Summary
Antoinette and her family do not fit in with the white
people in Spanish Town. According to Christophine, the Jamaican
ladies do not approve of Antoinette's mother, Annette, because she
is too beautiful and young for her husband, and because she comes
from Martinique (which was then a French colony, whereas Jamaica
was an English colony). When Antoinette asks her mother why so few people
visit them at Coulibri Estate since her father's death, her mother
makes excuses about the road being bad and travel being difficult.

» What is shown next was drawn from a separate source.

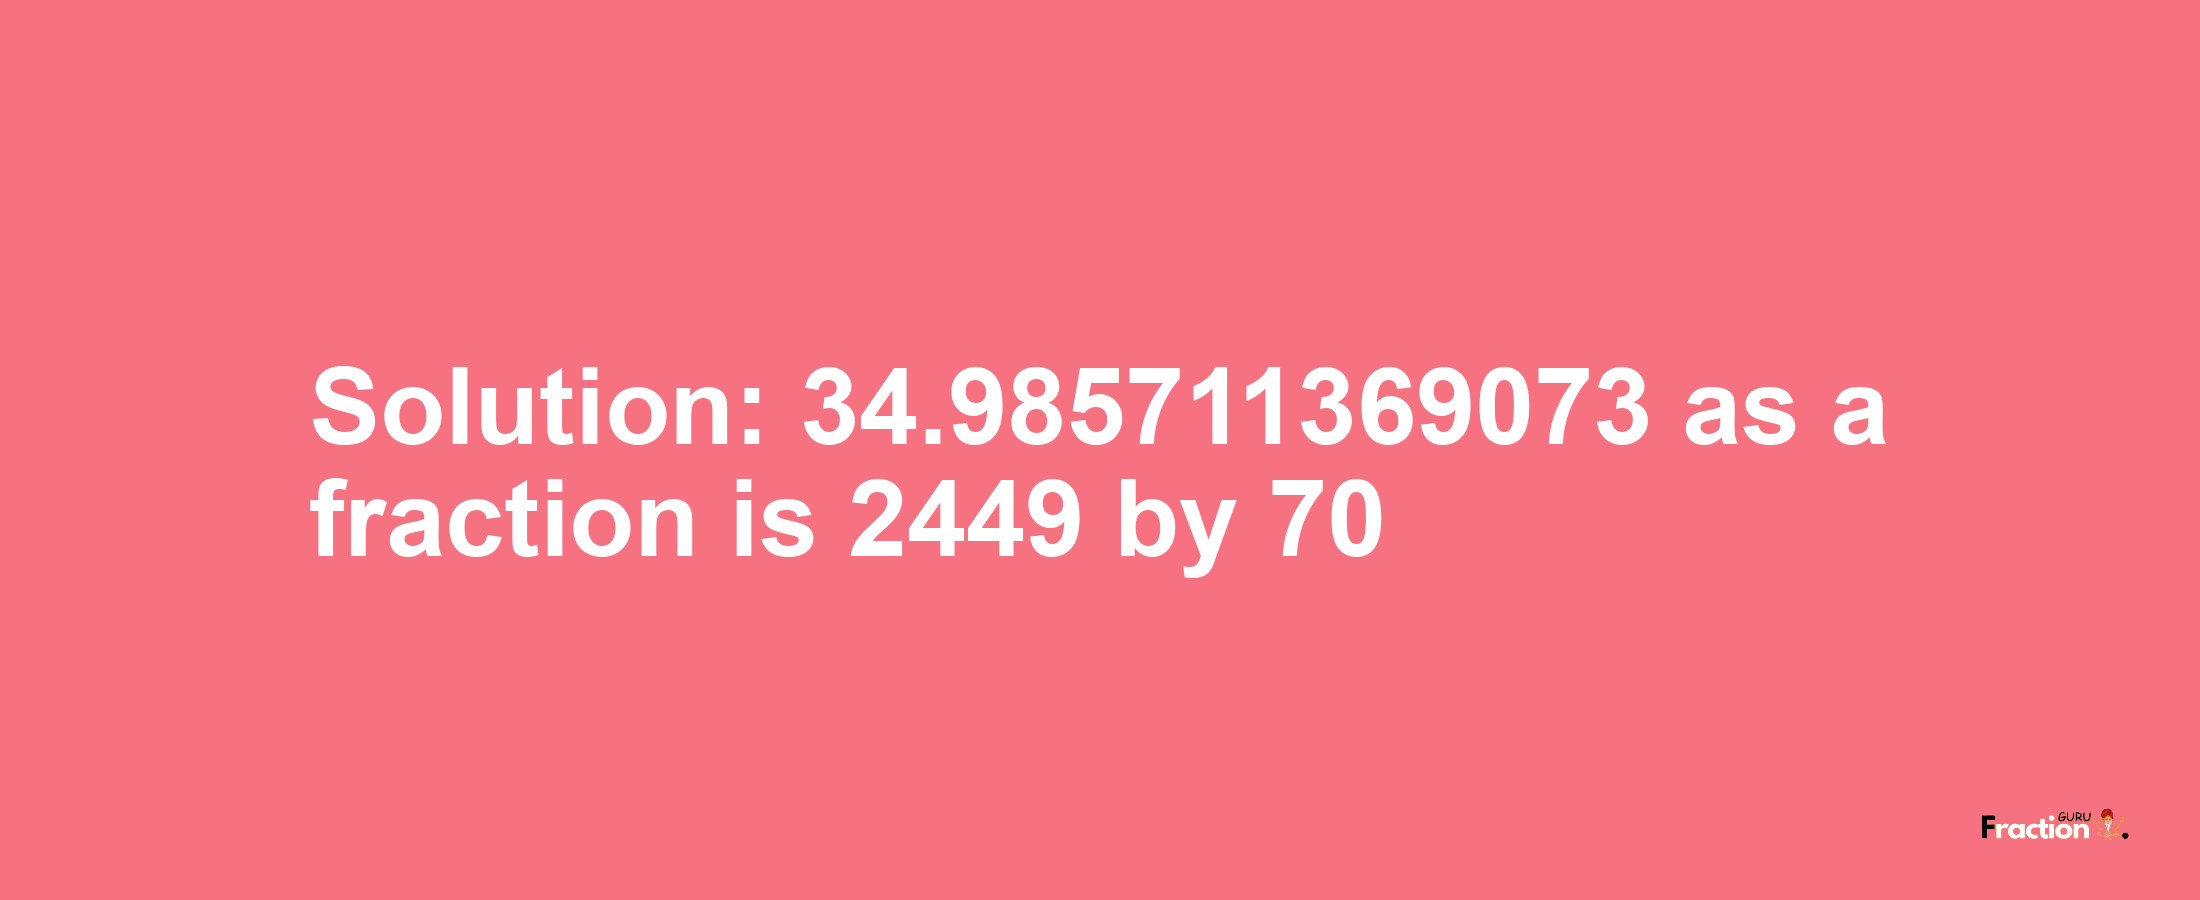 Solution:34.985711369073 as a fraction is 2449/70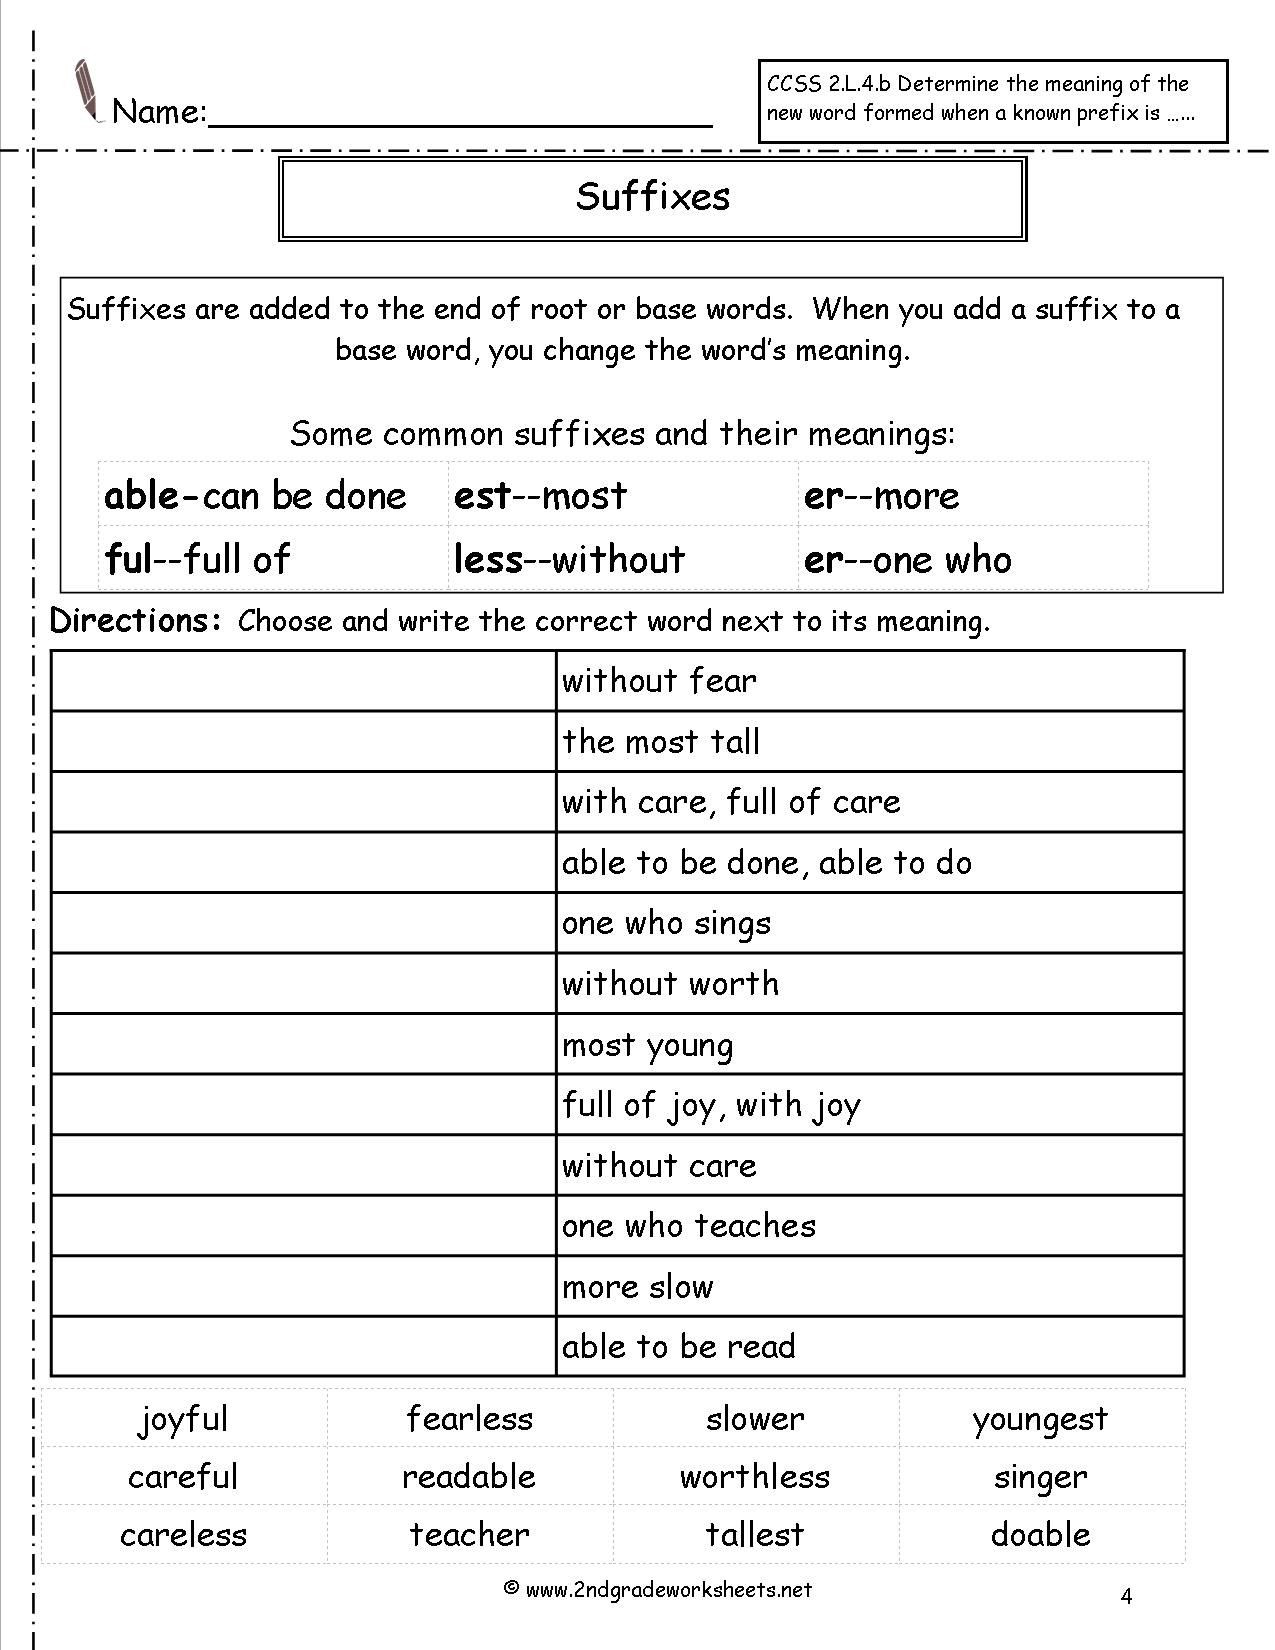 Suffixes Worksheet 3rd Grade Image Result for Prefixes and Suffixes Anchor Chart

Annette's only friend is a neighbor named Mr. Luttrell,
who suddenly and mysteriously shoots his dog and swims out to sea,
never to return. His house is abandoned, and his tragedy incites
widespread gossip. Annette, who has little money and whose clothes
become increasingly shabby, rides her horse every day even though
the servants jeer at her. One day, Antoinette finds her mother's
horse lying dead under a tree. Godfrey, a servant, confirms that
the animal has been poisoned.
A doctor from Spanish Town comes to check on Pierre, Antoinette's
disabled younger brother. After the doctor's visit, Antoinette's
mother is suddenly changed: She never leaves the house but walks
up and down the glacis, or verandah, in plain view
of the laughing servants. As her mother grows stranger and more
distant, Antoinette spends time in their overgrown garden. She also
visits with the servant, Christophine, who sings her songs from
her island home of Martinique.
The other women from the bayside are terrified of Christophine, who
reportedly has magic powers. When Antoinette asks her mother about
Christophine, Annette replies that Christophine was a wedding present
from Antoinette's father, and that she has been with them a long
time. Annette assures her daughter that Christophine has her reasons
for staying with them, and that her presence has protected them
in many ways. When Antoinette reminds her mother that the servants
Godfrey and Sass stayed with them after her father's death, her
mother snaps at her, saying that Sass would leave them any day and
that Godfrey is a deceitful and lazy rascal. Antoinette begins to
worry that Christophine might leave them. She then fans her mother,
who looks tired and ragged, but her mother turns away and asks to
be left alone.
Analysis
Narrated by Antoinette, Part One of Wide Sargasso
Sea focuses on her childhood at Coulibri after the death
of her father, Alexander Cosway. Antoinette's vague and fragmentary
memories focus on glimpses of tropical landscape, descriptions of
her mother, and examples of her childhood isolation. Racial tensions
and the disapproval of the white Jamaican ladies pervade these memories.
Danger lurks in all of these scenes; in fact, the novel begins with
the explicit warning, "when trouble comes, close ranks." Rhys sets
a tone of eerie silence in this West Indian landscape—the calm before the
storm of racial violence.
In a state of disrepair and decay, the Coulibri Estate
represents the downfall of the colonial empire and the aftermath
of its exploitative reign in the West Indies. The bizarre tale about
Mr. Luttrell speaks to the mood of apprehension among the island's
whites, who fear the revenge of the black ex-slaves. Antoinette,
as the narrator, seems particularly preoccupied with morbidity and
decay. The text is replete with images of death and rotting, such
as the flies that hover over the carcass of Annette's poisoned horse.